Artifacts are useful for...
- [data versioning](https://docs.wandb.ai/guides/data-and-model-versioning/dataset-versioning)
- [model versioning](https://docs.wandb.ai/guides/data-and-model-versioning/model-versioning)

In [87]:
def create_dataset(seed=42, size_train=256, size_test=256):

    # ==== Initialize W&B run to track job ==== #
    config = {
        'size_train': size_train,
        'size_test': size_test,
        'seed': seed
    }
    run = wandb.init(project='wandb_cluster_neuralode', job_type='dataset-creation', config=config)

    key = jrandom.PRNGKey(seed)
    key_train, key_test = jrandom.split(key, 2)
    ts, ys = get_data(size_train, key=key_train)
    ts_test, ys_test = get_data(size_test, key=key_test)
    _, length_size, data_size = ys.shape

    data = {'ts': ts, 
            'ys': ys, 
            'length_size': length_size, 
            'data_size': data_size,
            'ts_test': ts_test, 
            'ys_test': ys_test}

    with open('data.pickle', 'wb') as handle:
        pickle.dump(data, handle, protocol=pickle.HIGHEST_PROTOCOL)

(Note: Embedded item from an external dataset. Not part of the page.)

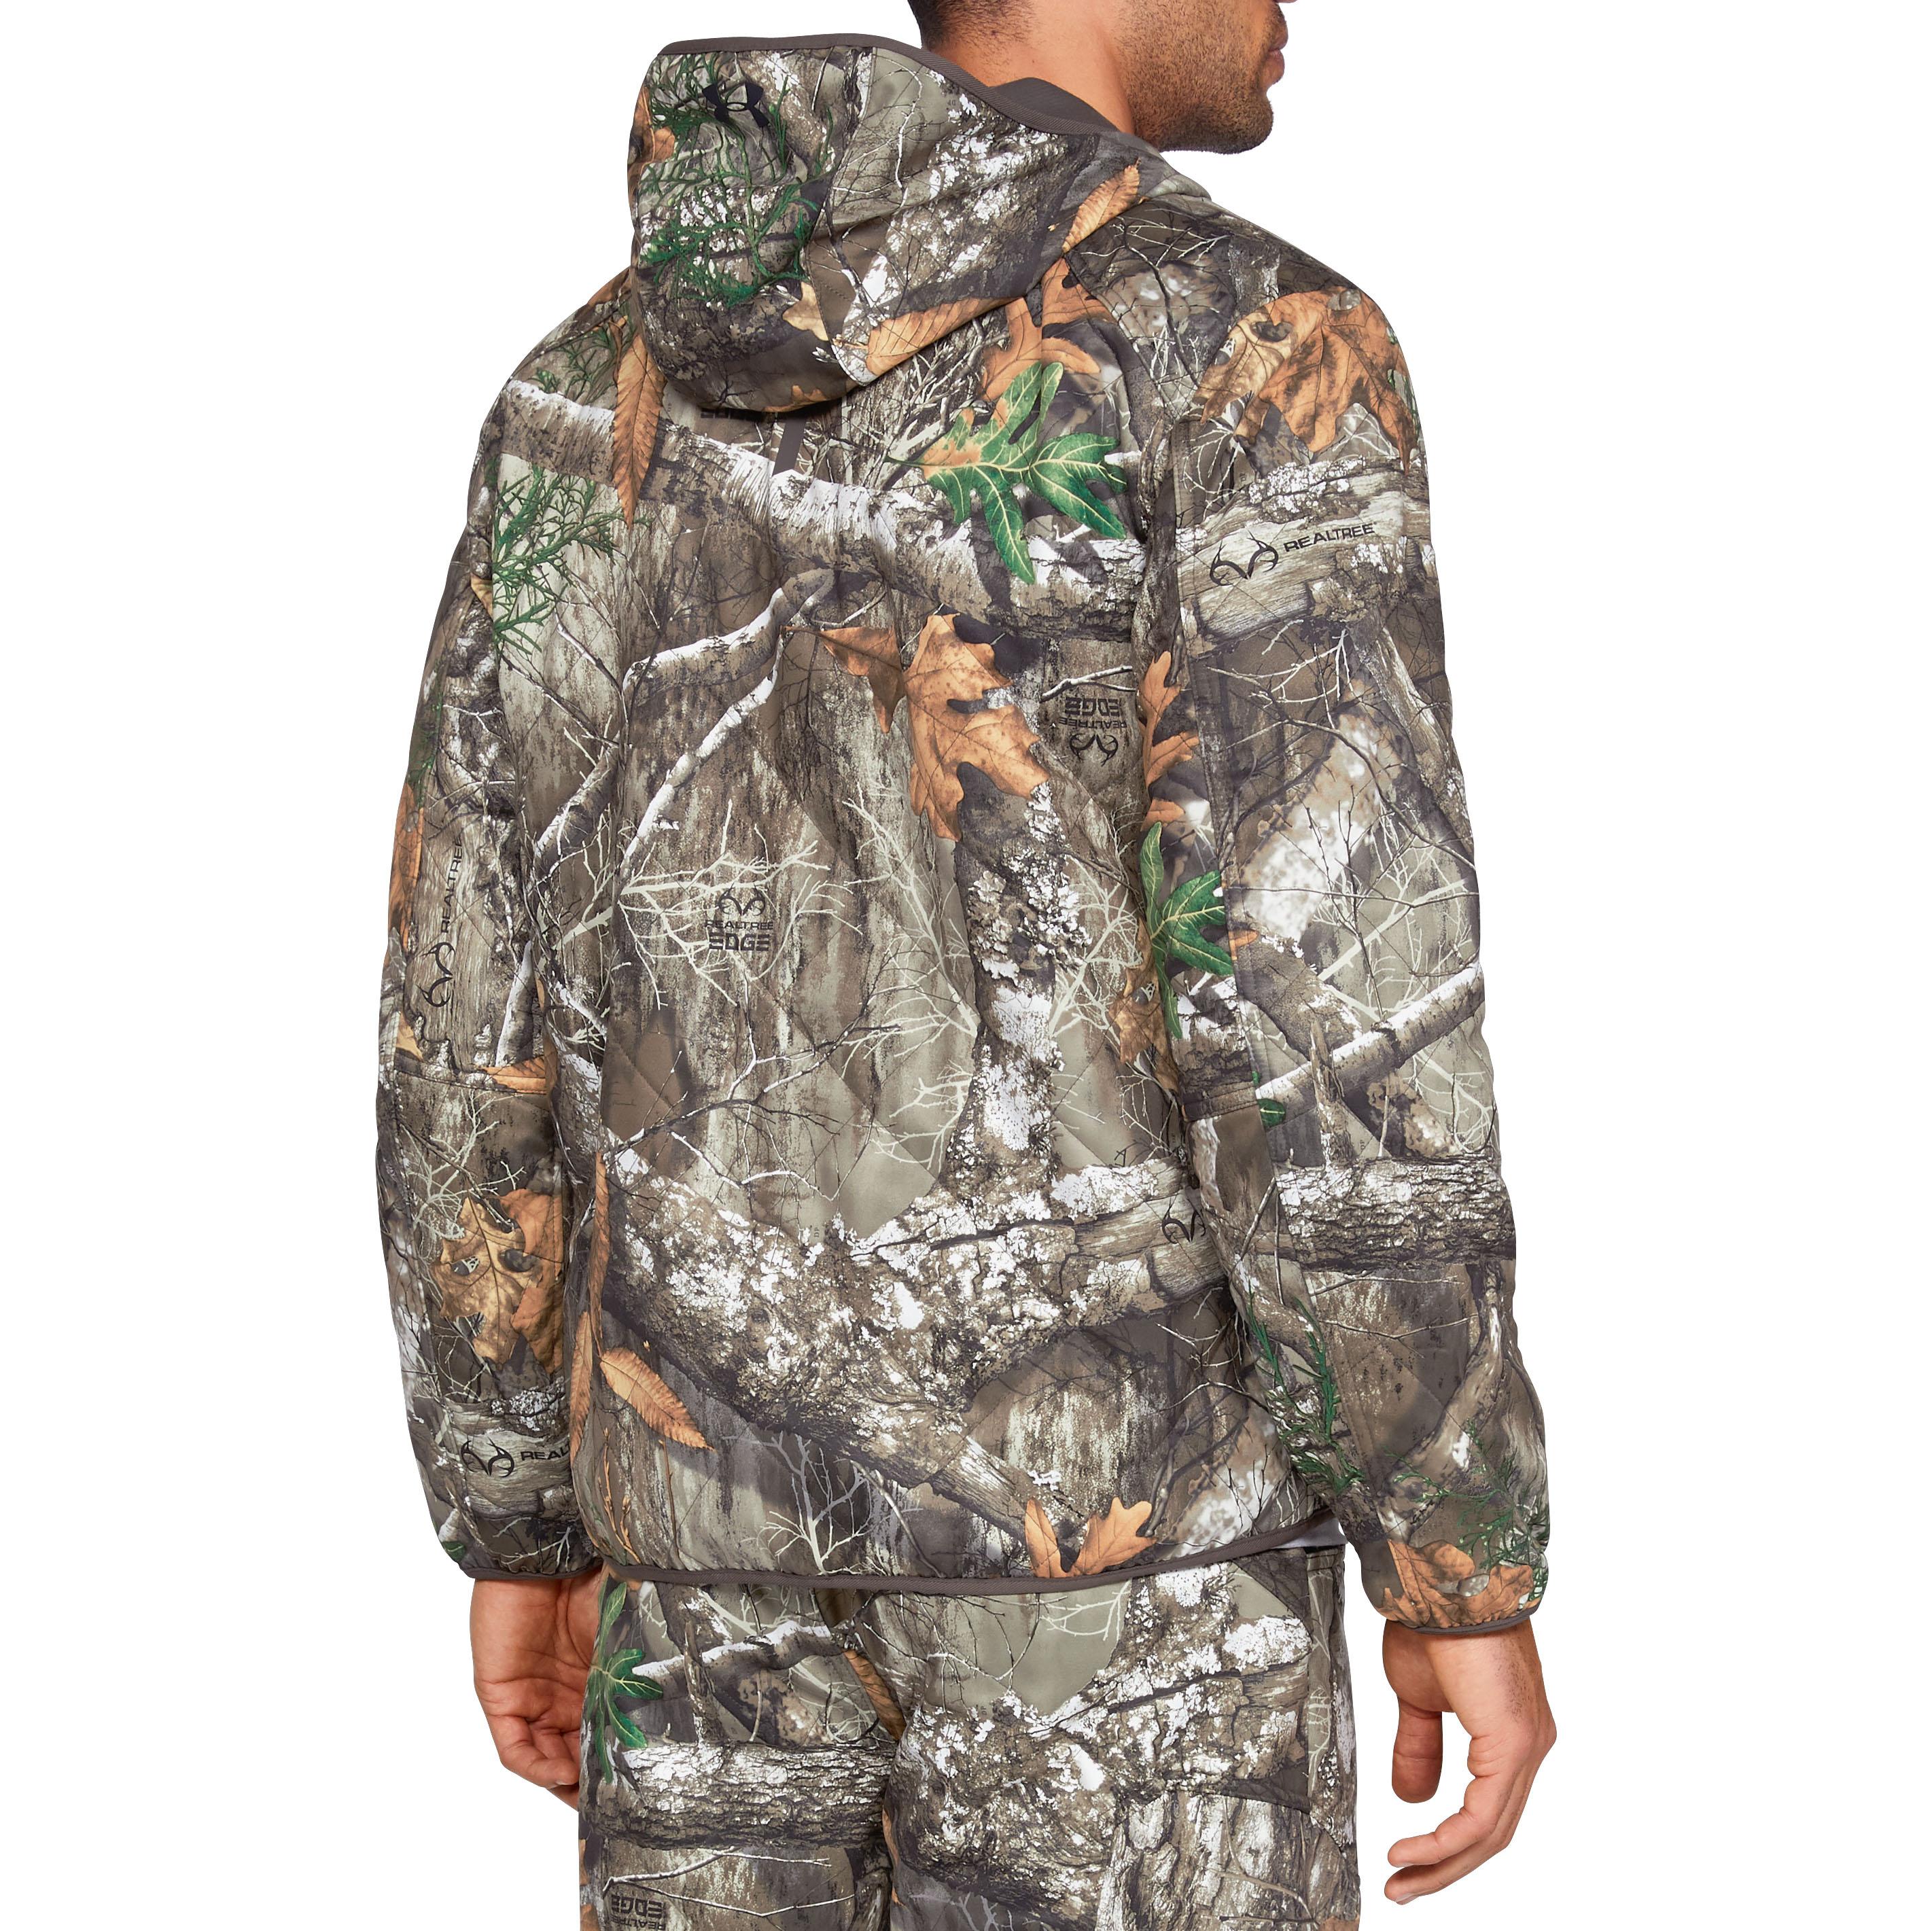 4e31abc0 Under Armour - Men's UA Brow Tine Hunting Jacket - Murdoch's

    dataset = wandb.Artifact('my-dataset', type='dataset')  # Create new artifact
    dataset.add_file('data.pickle')  # Add files to artifact
    run.log_artifact(dataset)  # Log artifact to save it as an output of this run

    wandb.finish()  # Finish session

## Training loop
In the training loop, we use wandb to...

1. Load the dataset   
2. log the optimization configurations
3. log optimization data
4. log model gradients

In [88]:
def main(        
        batch_size=32,
        lr_strategy=(3e-3, 3e-3),
        steps_strategy=(500, 500),
        length_strategy=(0.1, 1),
        width_size=64,
        depth=2,
        seed=5678,
        plot=False,
        print_every=100,
        watch_run = False
):

    # Define the config dictionary object
    config = {
        'batch_size': batch_size,
        'lr_strategy': lr_strategy,
        'steps_strategy': steps_strategy,
        'length_strategy': length_strategy,
        'width_size': width_size,
        'depth': depth,
        'seed': seed,
        'print_every': print_every
    }

    # ==== Initialize W&B run to track job ==== #
    run = wandb.init(
              project='wandb_cluster_neuralode',
              job_type='basic_example',
              config=config
    ) 
    # You can explicitly state to which team wandb will save data by adding the option entity='<Team name>'
    
    # When using sweep the default config gets overwritten
    config = wandb.config 


    # ==== W&B - load data artifact ==== #
    artifact = run.use_artifact('my-dataset' + ':latest')
    artifact_dir = artifact.download()
    
    data_path = os.path.join(artifact_dir, 'data.pickle')
    with open(data_path, 'rb') as handle:
      data = pickle.load(handle)

    # ==== JAX - init model ==== #
    key = jrandom.PRNGKey(config.seed)
    model_key, loader_key = jrandom.split(key, 2)
    model = NeuralODE(data['data_size'], config.width_size, config.depth, key=model_key)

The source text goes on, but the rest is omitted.